There can also be a lack of transparency within the custodial company. If you aren’t using a custodial exchange for staking crypto and you’re concerned about ownership of your crypto, it is wise to transfer the crypto to your own private self-custody wallet. This will ensure that only you hold the Private Keys to your digital assets.

Smart Contracts can be exploited by hackers.
However, using exchanges that vet and audit their Smart Contracts help you mitigate these risks. Additionally, there is the burden of keeping track of the different DEX services you might be using, as well as securing your own private wallets. 

In general, a great custodial or DEX will have a lot of information available for users to read on their website. Reddit and Discord communities also provide important information regarding the products and the best ways to use them. 

It is important to research the development team to ensure their legitimacy.

Best Crypto Exchanges for Trading

Trading is different than simply buying and storing crypto — which would be like a savings account. Using a trading account is for allocating and exchanging cryptos to build and manage a crypto portfolio.

Binance has the lowest fees and best advantages for owning its native cryptocurrency. It offers a large amount of altcoins and advanced features as well as rewards for owning certain crypto. However, it is not the most user-friendly interface for beginners. 

Coinbase, Kraken, and Gemini are easier for beginners to navigate and they do a good job of onboarding new users. 

Coinbase lets users earn a small amount of crypto for free through its Earn program while Gemini offers the ability for customers to earn interest by lending their crypto to institutional investors via a partnership with Genesis.

Note:
For the best rates on the DEX market, simply use an aggregator such as
1inch. It will scour different DEXs to help minimize your trading fees.

 

Centralized and Decentralized Exchanges

There are two main types of cryptocurrency exchanges: 

 

1

Centralized Exchanges (aka Custodial) are a type of financial service provided by a company under government regulation.
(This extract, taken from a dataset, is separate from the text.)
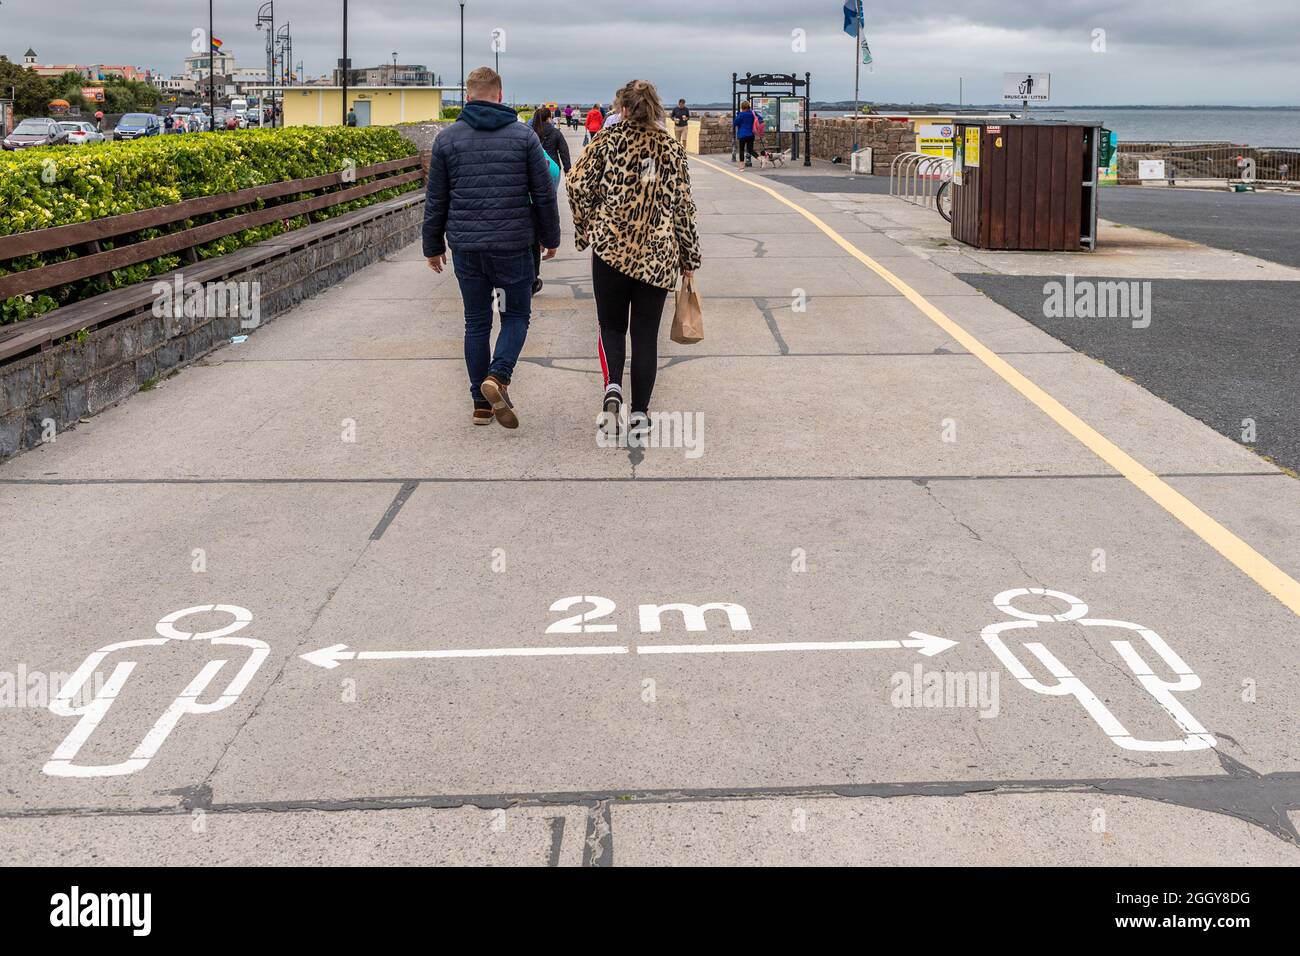 Die Menschen gehen an einem COVID-19 2m Schild an der Promenade in Salthill, County Galway, Irland, vorbei. Stockfoto

They let you buy cryptocurrency with fiat and trade between cryptos. 

They also let you sell your crypto back into fiat. 

A Centralized Exchange is legally required to verify your identity.

A Centralized Exchange also provides a crypto wallet, where they control the Private Keys for all your crypto. 

While many people are comfortable holding their assets on a Centralized Exchange due to ease and convenience, this bears an inherent risk. 

Many of the top Crypto Exchanges have a good track record and plenty of satisfied customers. The risk of losing your crypto on a custodial Exchange is honestly very small but it’s still a risk.

Many Exchanges are also insured.

For full control and true ownership of your crypto, you would need to transfer your holdings to your own private crypto wallet (where you control the private keys). You will also assume all responsibility for security along with ownership. 

 

2

A Decentralized Exchange (DEX) is decentralized and operates through algorithms called Smart Contracts. 

They do not allow you to purchase crypto through fiat but offer you more crypto pairs for trading than a Centralized Exchange. 

DEXs are non-custodial, meaning you retain the Private Keys and you own your crypto. 

Using an aggregator app like 1inch can get the lowest trading fees across DEX markets.